> _Task directions_: In the entries below, find the line with "Kris Swiatocho Ministries Logo" and the line with "Tool_Lanyard_Logo.jpg", then retype both and everything between them exactly. Do not copy the pictures.

> _Materials provided_:
BEGIN

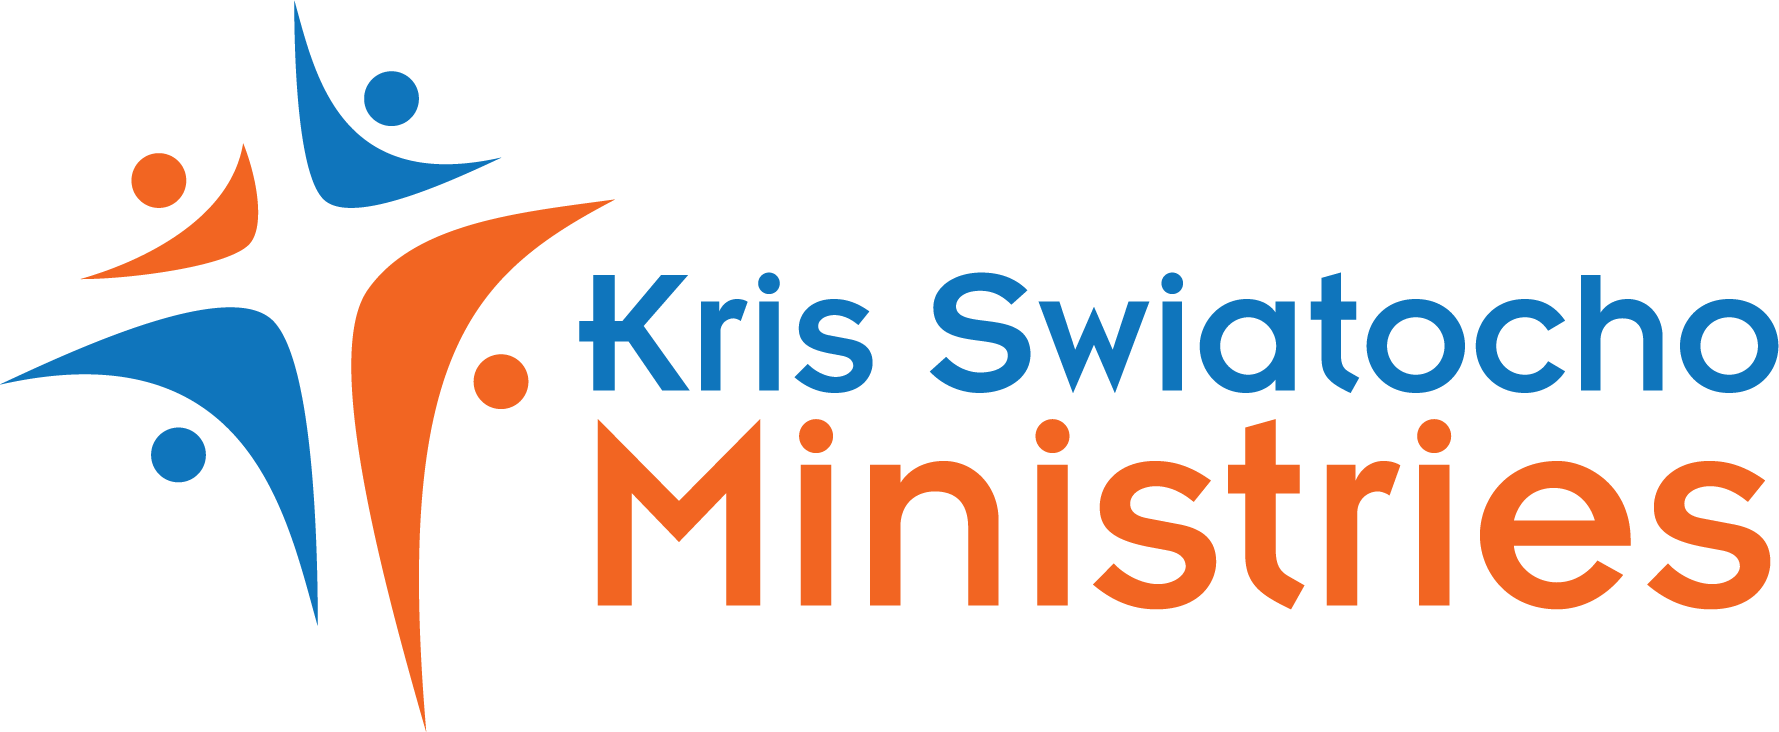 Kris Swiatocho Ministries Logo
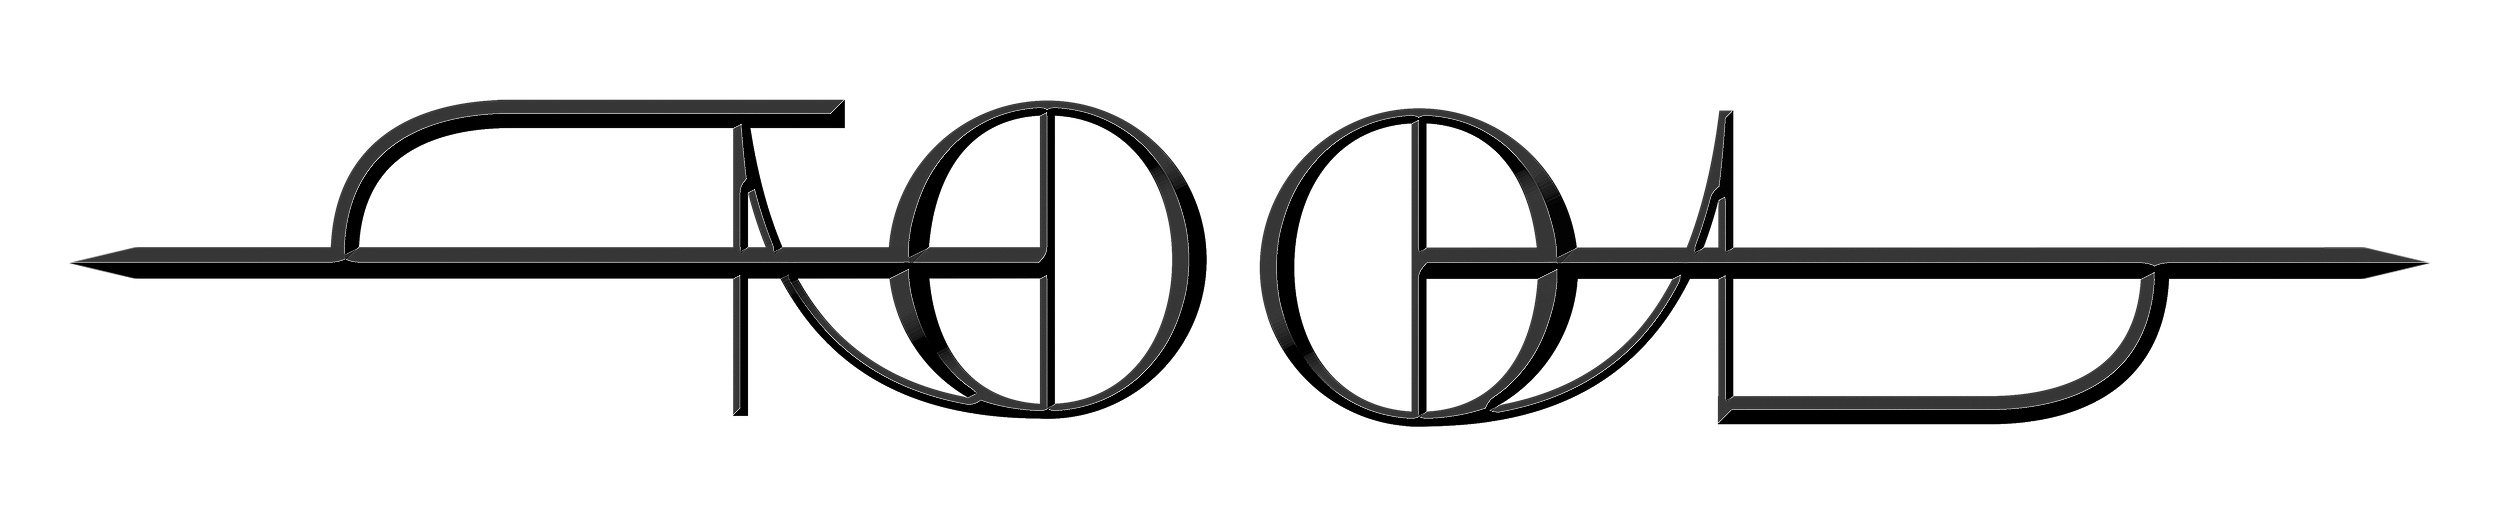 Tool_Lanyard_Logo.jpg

END
BEGIN

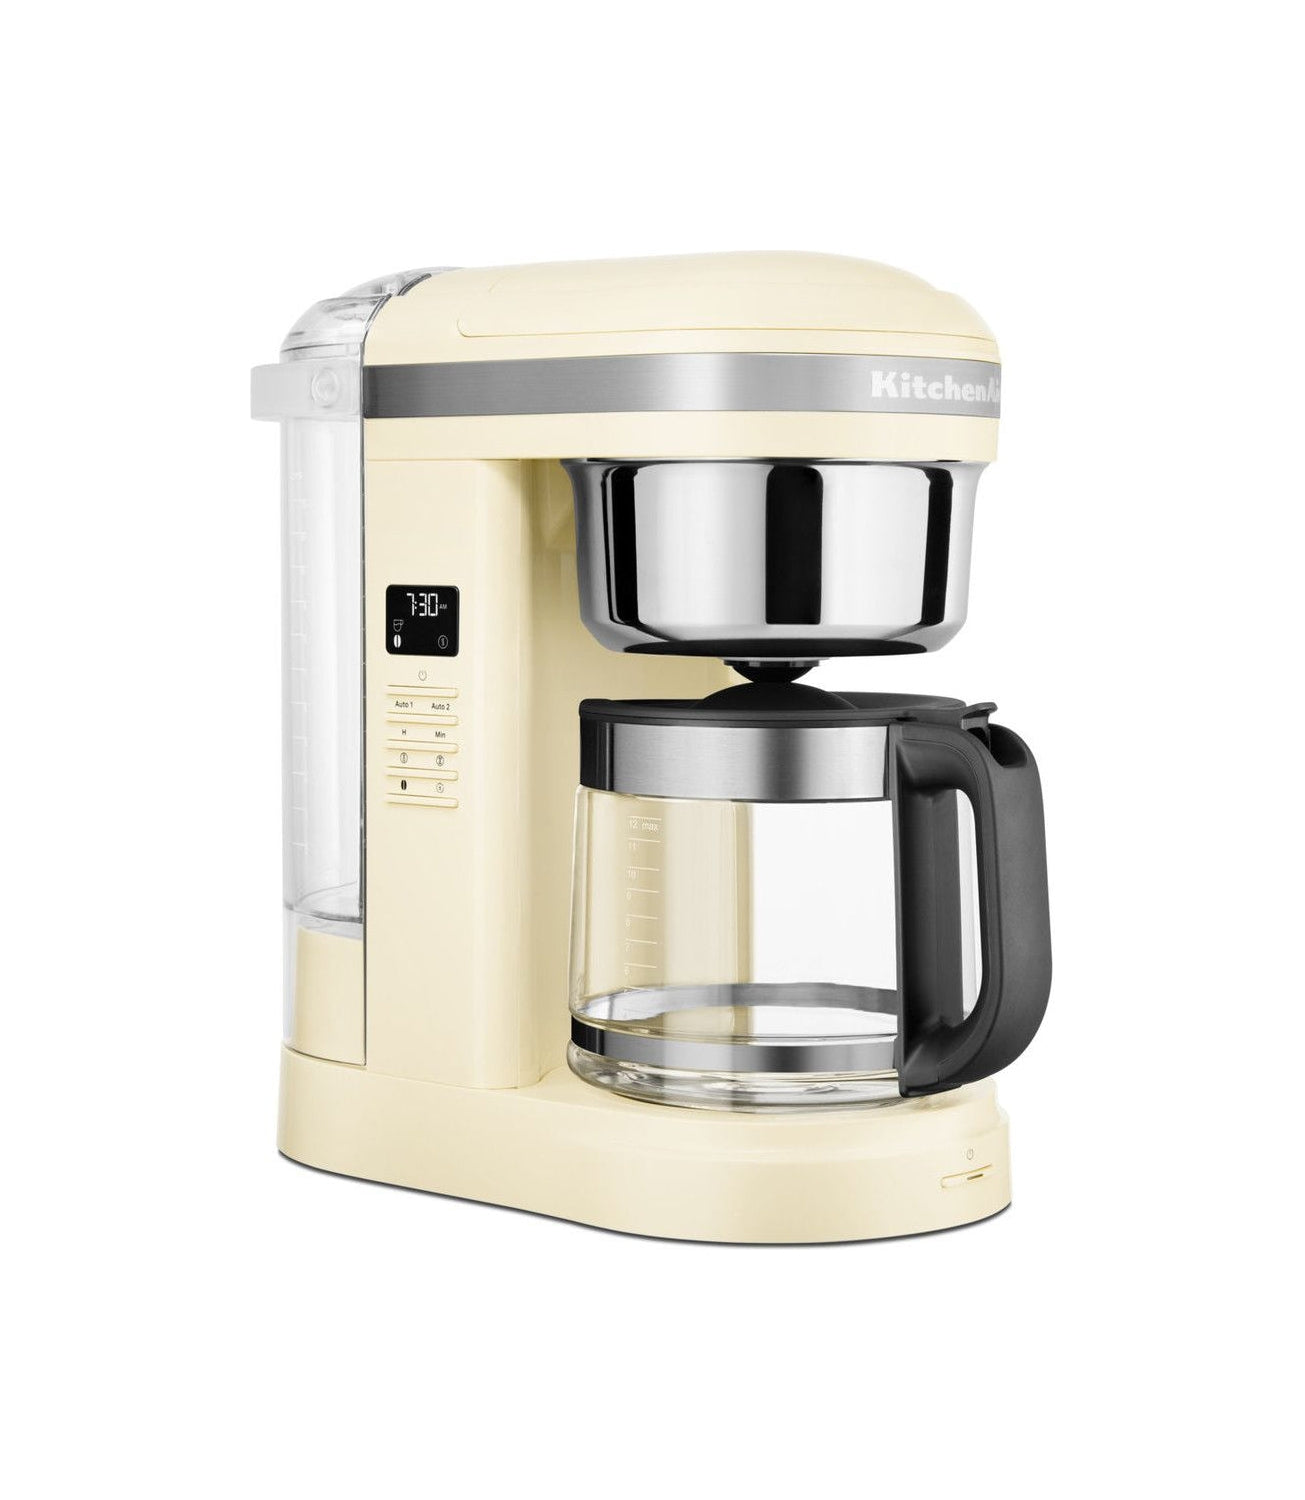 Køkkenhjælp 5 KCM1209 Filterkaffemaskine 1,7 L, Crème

END

> _Solution to this problem_:
 Kris Swiatocho Ministries Logo
 Tool_Lanyard_Logo.jpg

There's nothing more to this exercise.